The wooden shack measured four metres in length and width. More or less. In the furthest corner was the last shallow hole she had dug. Soon the space for relief holes would run out.

Susanna wiggled herself deeper into the soft sand as the roar of a lion tore through her, deep, thunderous and angry. A few shots rang out. Then there was silence.

The sun filtered through the thin slits of the rough wooden beams as a new day broke but its feeble rays were not a match for the icy draught from the sea that penetrated her wooden structure. She shivered as it sliced her skin, chiseled through every bone and froze the blood in her veins. The wind whipped up the sand and settled in every crevice. The voices of the soldiers stationed outside were audible. She pressed herself deeper into the sand upon hearing the familiar jingling of keys at the door.

A barefooted woman entered when the door flung open. For a few brief seconds she took in the scene that met her eyes. In one hand was a bucket and in the other a blanket. She put down the bucket half-filled with water.

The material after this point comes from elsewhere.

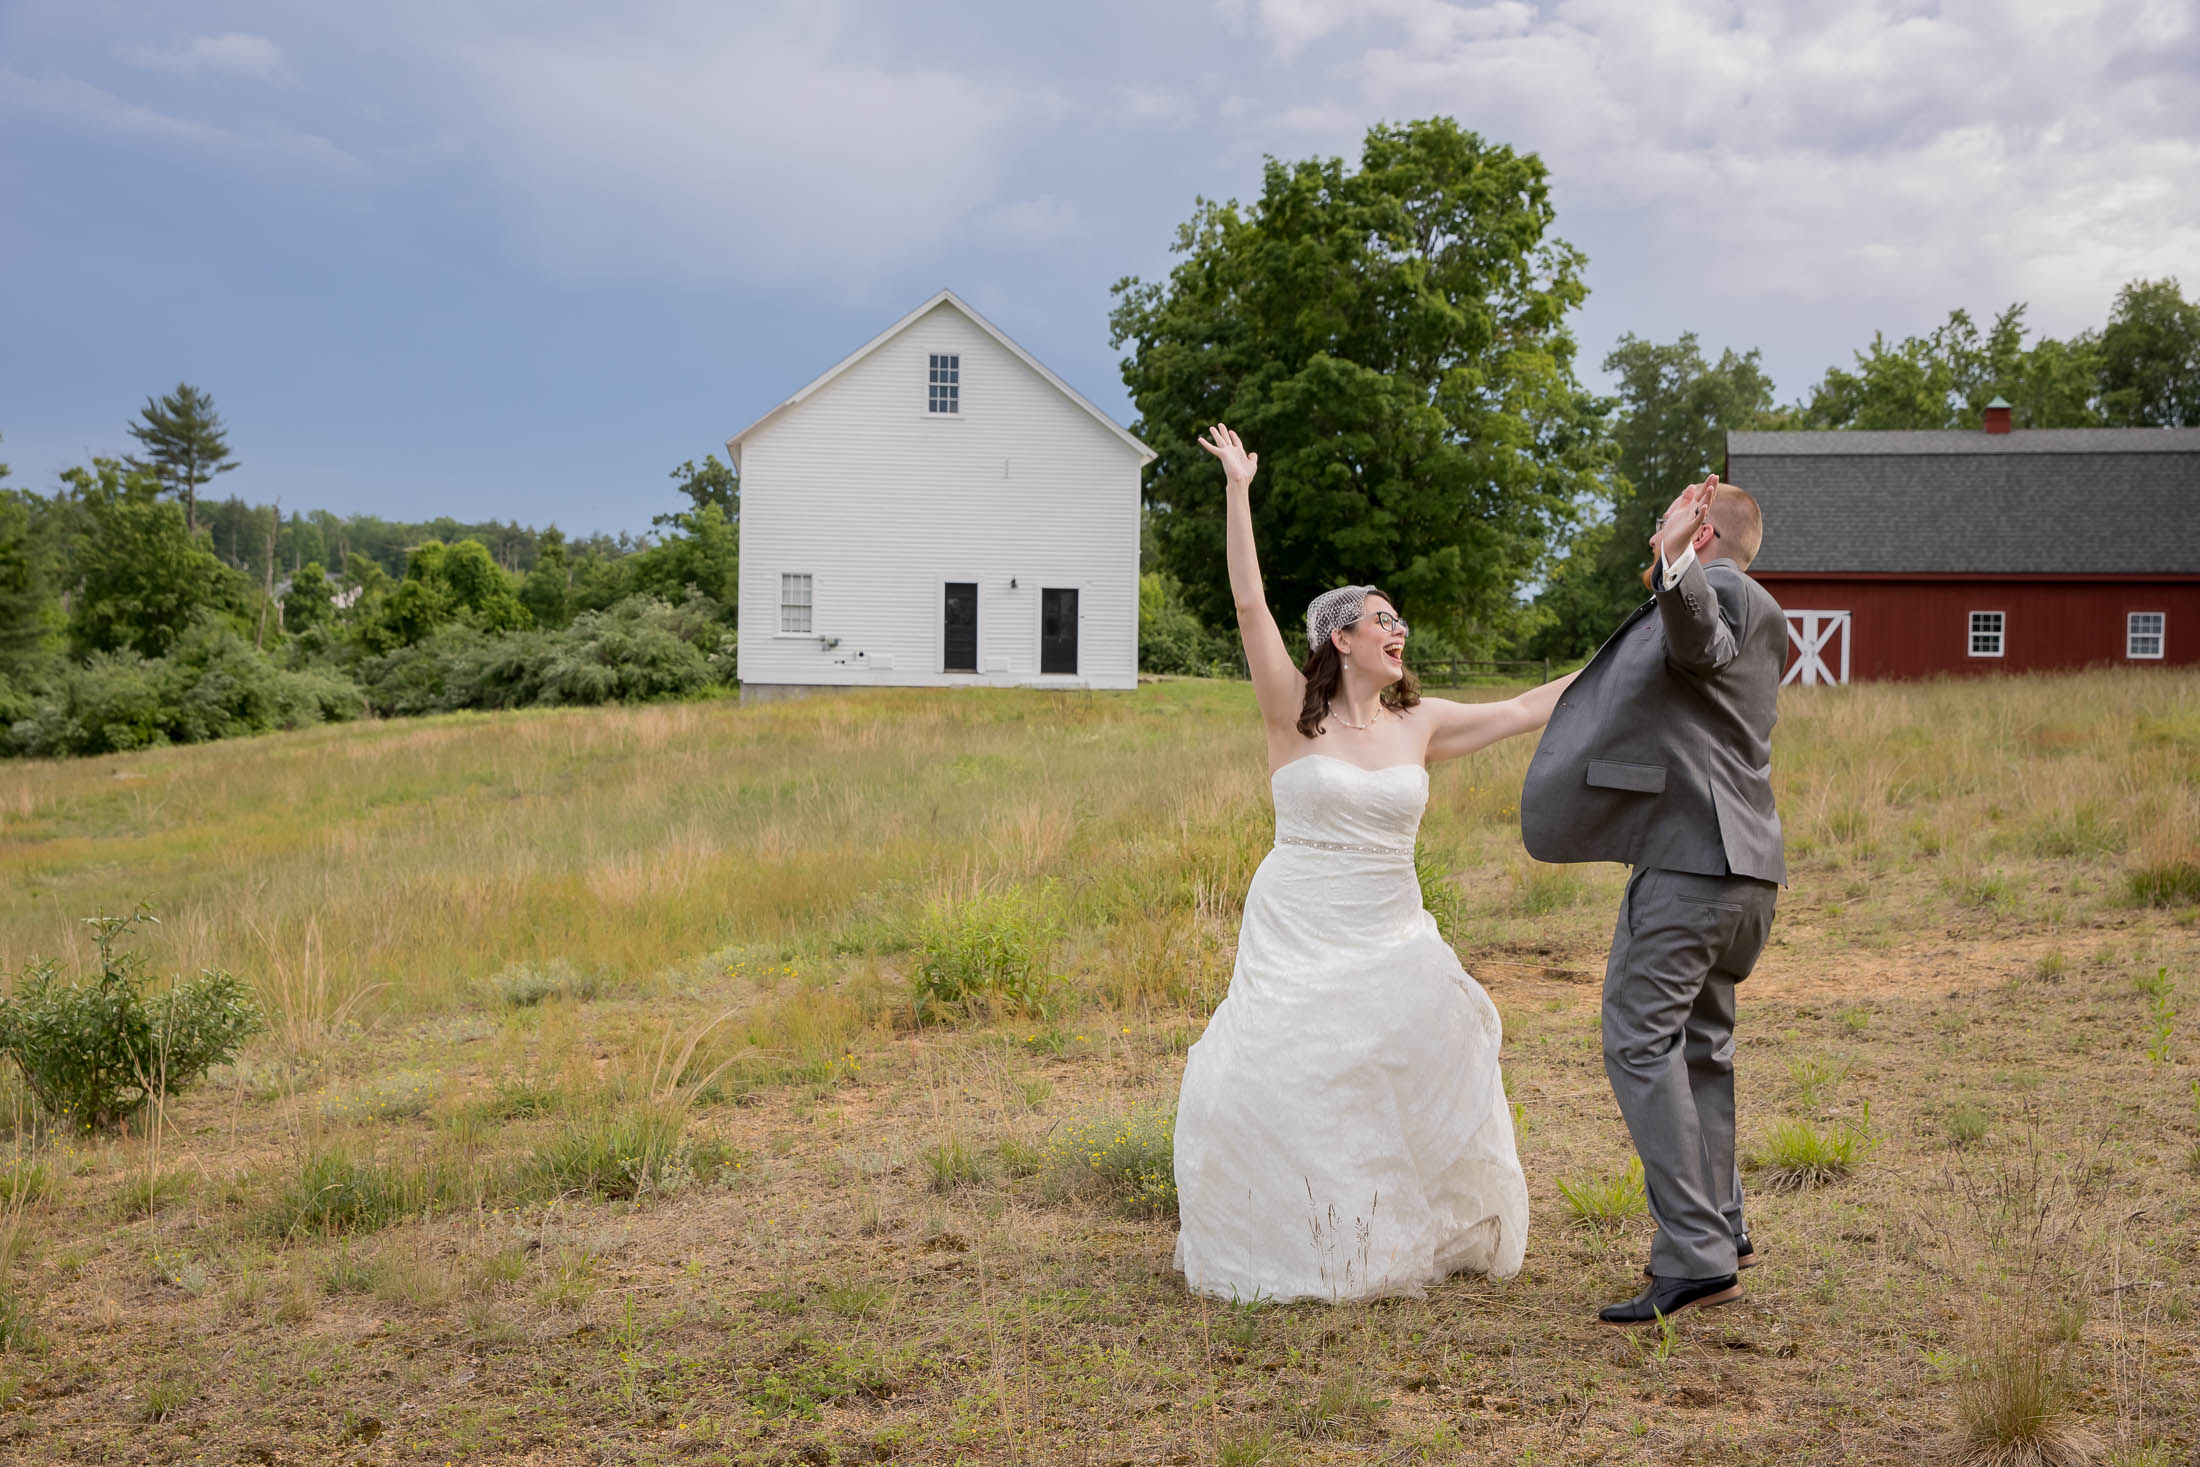 Jump for joy, couple photos, romantic, meadow, wedding, tracy jenkins photography, publick house, Massachusetts, new england,  photography

"I am Maria." She surveyed Susanna's surroundings. Avoiding eye contact, she put her hand in the pocket of her apron tied across her long dark dress and pulled out a tiny bundle. She put down the coarse dress, wash rag and head scarf on the folded blanket next to the bucket on a spot close to the door.

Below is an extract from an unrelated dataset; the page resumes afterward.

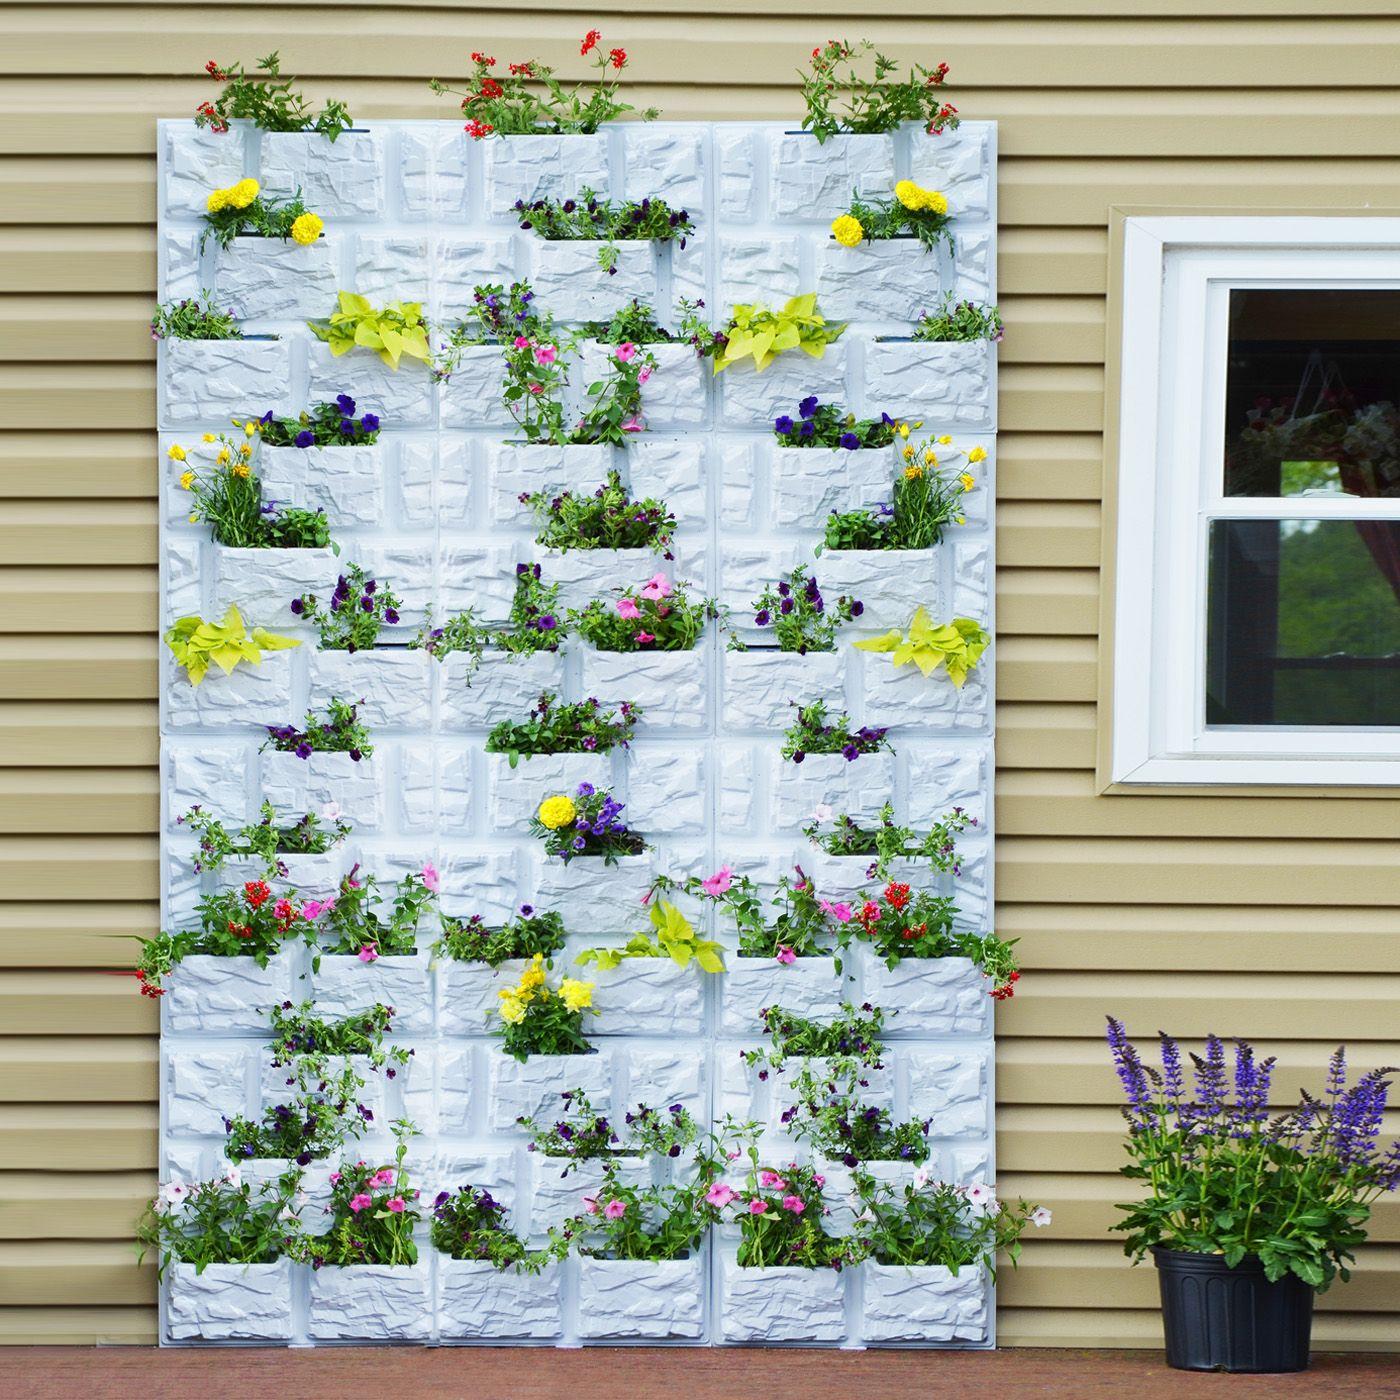 Shop Palram Canada 702421 PlantScape Vertical Garden at

"Wash," she instructed and stepped to one side.

Susanna moved towards the water, cupped her hands, scooped up a handful and watch the water trickle through her dirty hands. Eyes shut she put her hands into the water and splashed it over her face. Slowly she stepped out of the filthy, tattered sailor's outfit and tossed it aside.

When she was done she pressed her nose against her upper forearm and sniffed it. "Do you smell that?" She asked Maria who had been watching in silence.

"No," came the response, abrupt and spoken in a manner which signalled that further conversation was not an option.

She wiggled into the coarse company-issued sack dress that irritated the skin at the back of her neck. "Thank you for the blanket," she said while scratching her neck. She picked up the blanket. It was grey threadbare. She unfurled it and wrapped it around her body while eyeing her unresponsive onlooker. "And the clothes and the water."

Maria nodded and stepped closer. She bent to collect the bucket and the clothes.

"Talk to me." Maria did not react. "Please." She put her hand on Maria's shoulder. "At least tell me what happens next."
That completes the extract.